Sungguh tidak manusiawi dan tidak menghargai individu bila orang tua memaksakan kehendaknya terhadap anak. "Kalau anak memang punya minat dan bakat di bidang nonformal semisal jadi pelukis, penyanyi, ahli tanaman, atau ahli boga, mengapa tidak? Biarkan anak tumbuh dengan sendirinya. Tentu saja orang tua tetap berkewajiban mengarahkan agar yang dilakukan anak bisa teraih secara maksimal."
JAMINAN SUKSES?
Seseorang yang memiliki bakat dalam profesinya, rata-rata lebih sukses dibanding rekan seprofesi yang sebenarnya tidak berbakat.

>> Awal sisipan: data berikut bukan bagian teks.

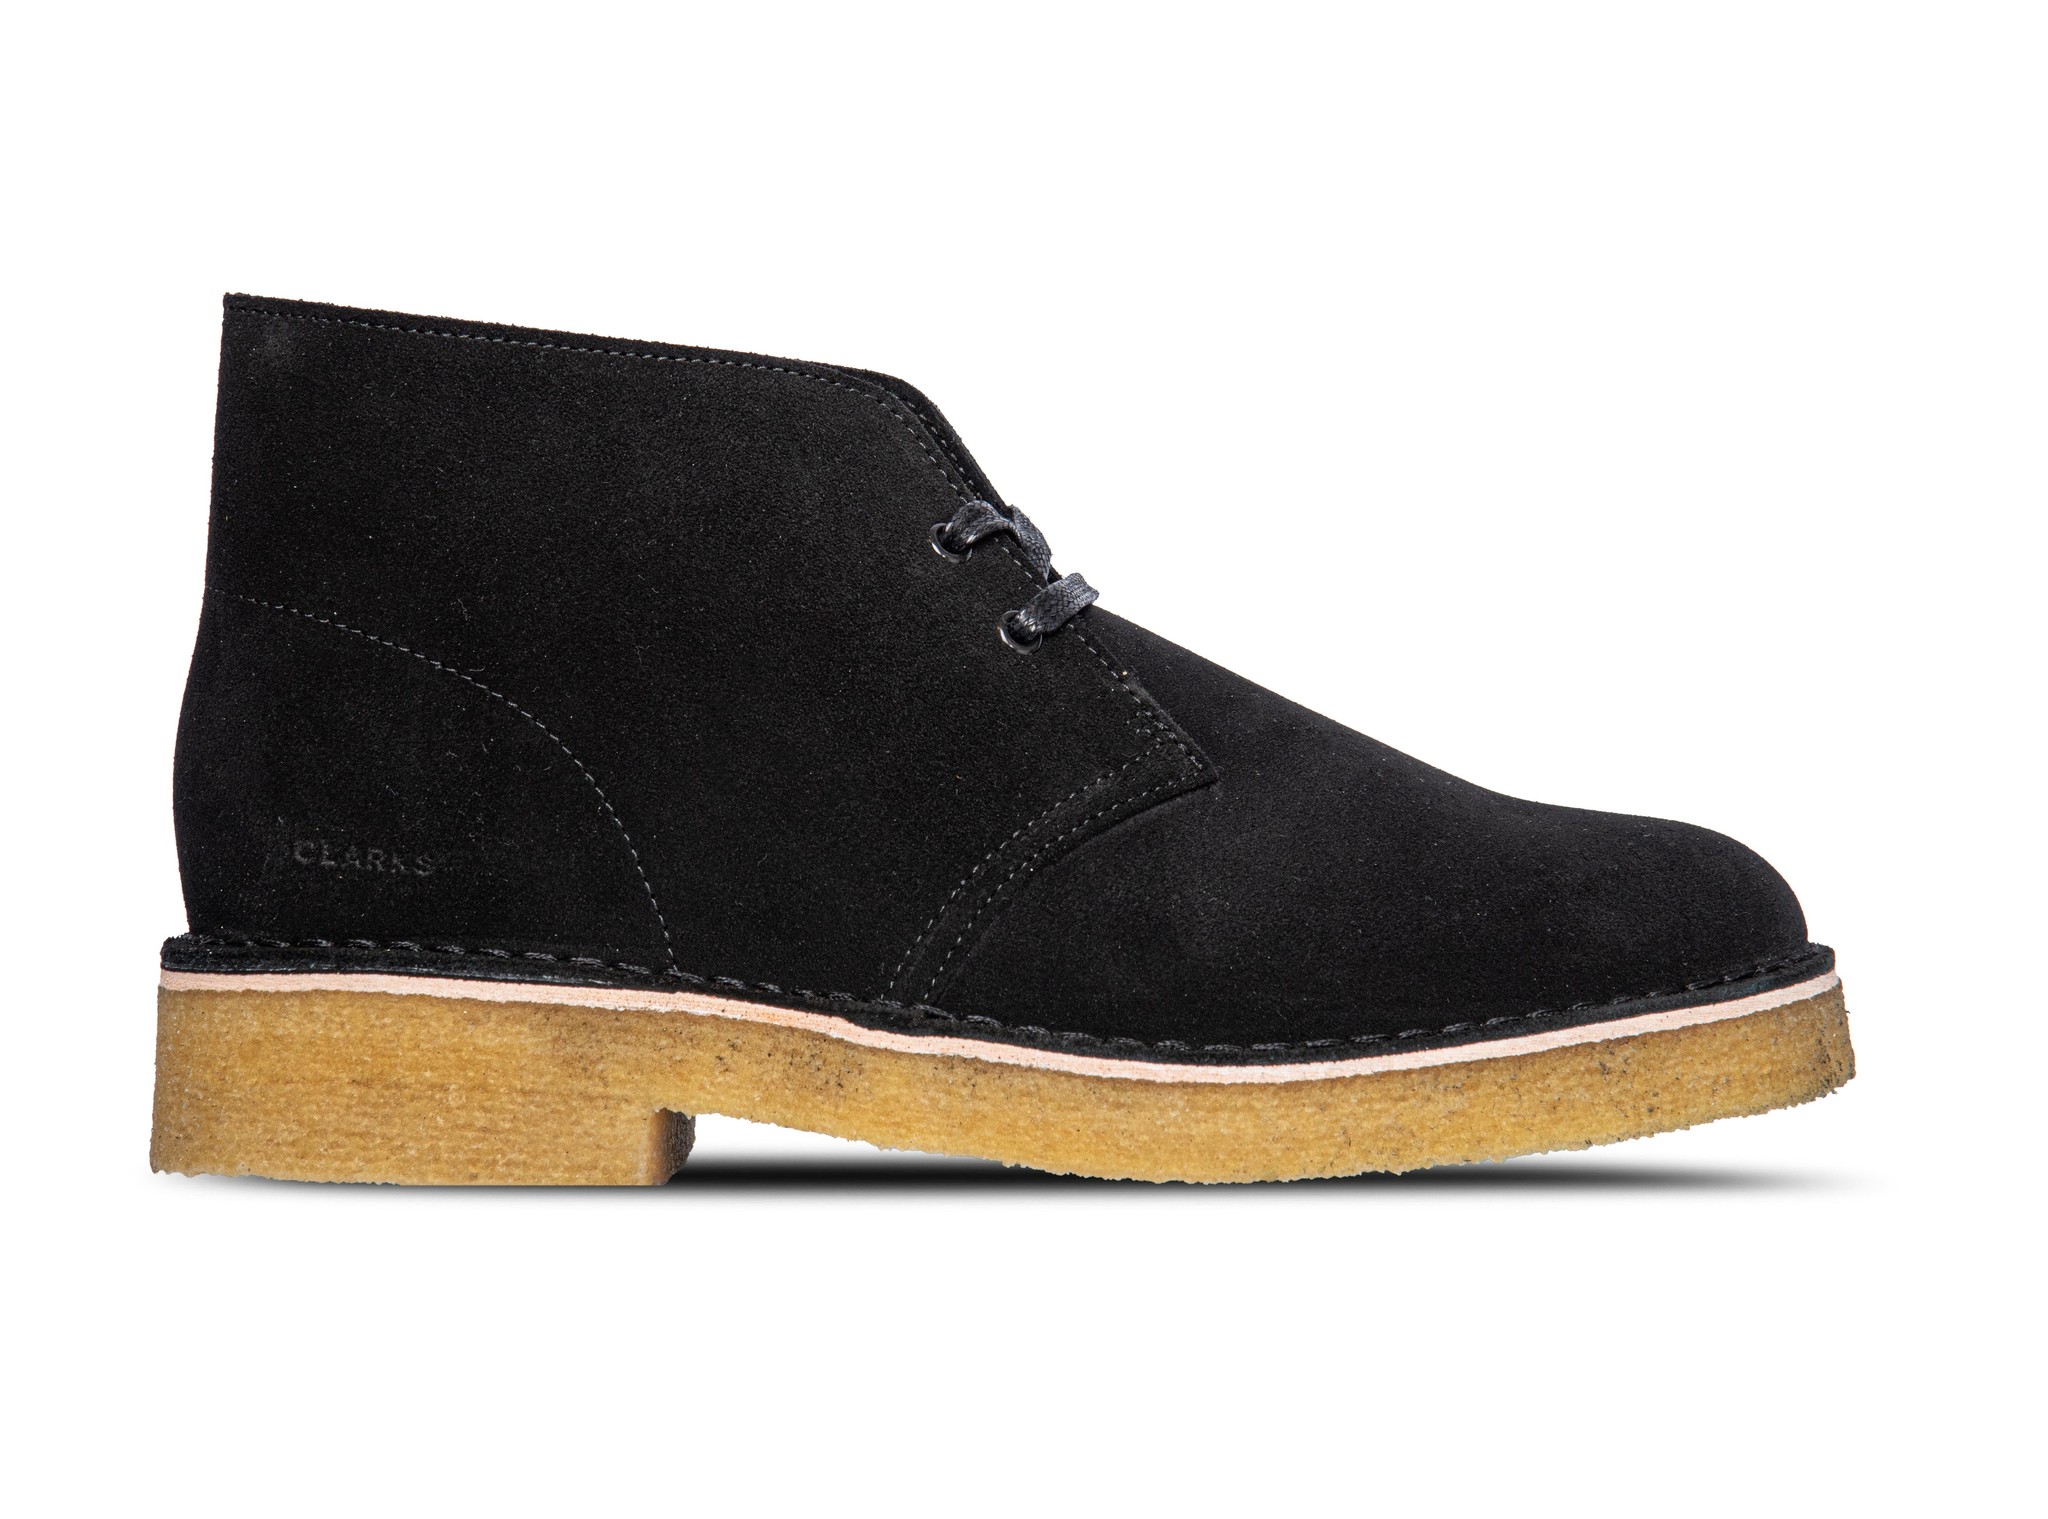 Clarks Originals Desert Boot 221 Black Suede 26155855 | Bruut Online Shop Bruut Sneakers & Store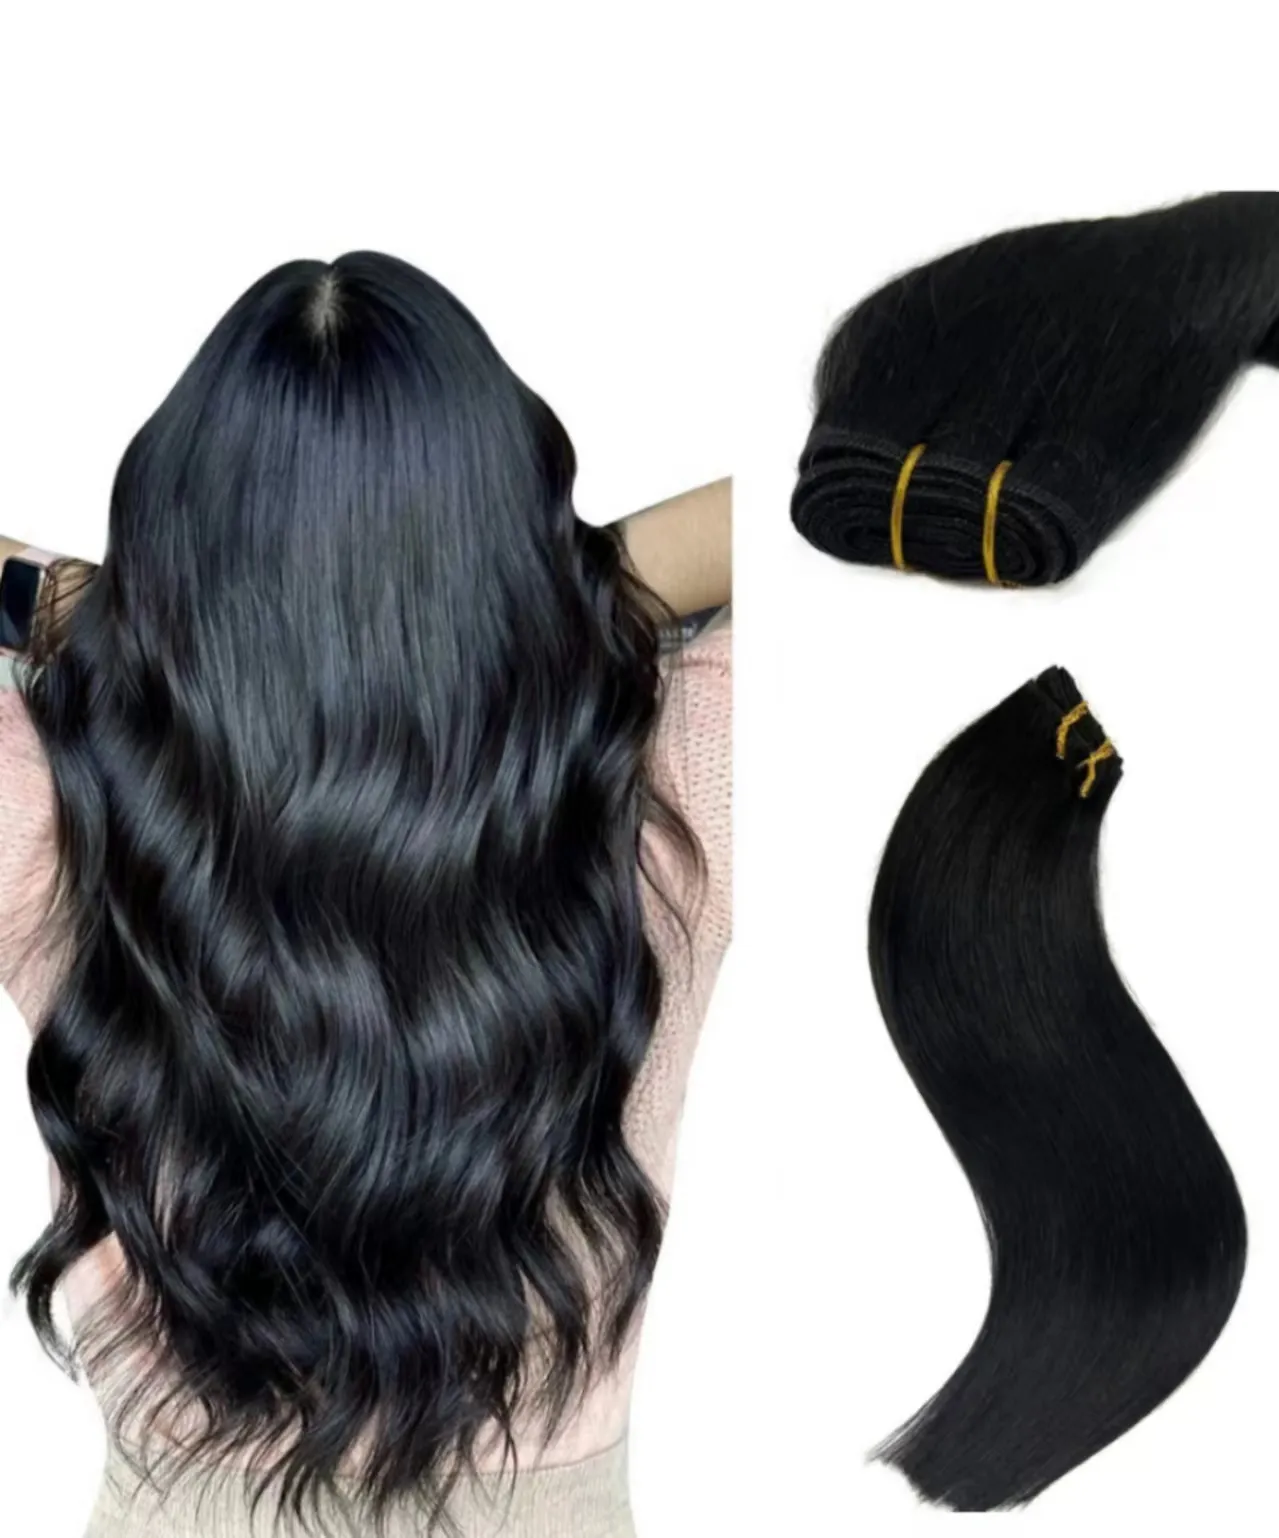 100% 自然な生の人間の髪の毛の延長、ベトナム製のスタイルの長波キューティクル整列バージンヘア織りバンドル

Seorang musisi, contohnya, akan lebih sukses bereksplorasi jika dalam jiwanya ada bakat yang dikembangkan secara maksimal. Kendati begitu, Vitriani tidak mengingkari pendapat bahwa bakat cuma 10 persen memenuhi dukungan bagi kesuksesan seseorang. "Mayoritas sisanya merupakan usaha dan kerja keras selain faktor keberuntungan. Jadi, tanpa dibarengi usaha dan kerja keras, bakat pun akan percuma. Jangankan meraih kesuksesan, bakat itu sendiri belum tentu keluar karena mungkin saja malah terpendam."
Sebaliknya, bakat yang kecil jika dilatih dan diarahkan dengan baik, akan lebih berkembang dibandingkan bakat besar yang tidak terstimulasi dengan baik. "Tentu saja kapasitas maksimal orang tanpa bakat, tidak setinggi orang yang memiliki bakat bawaan sejak lahir," kata Vitriani. Oleh karena itu, kembangkan bakat anak sejak dini. Jangan tunggu sampai ia menjadi remaja, karena hasilnya tidak akan seoptimal bakat yang distimulasi sejak usia dini.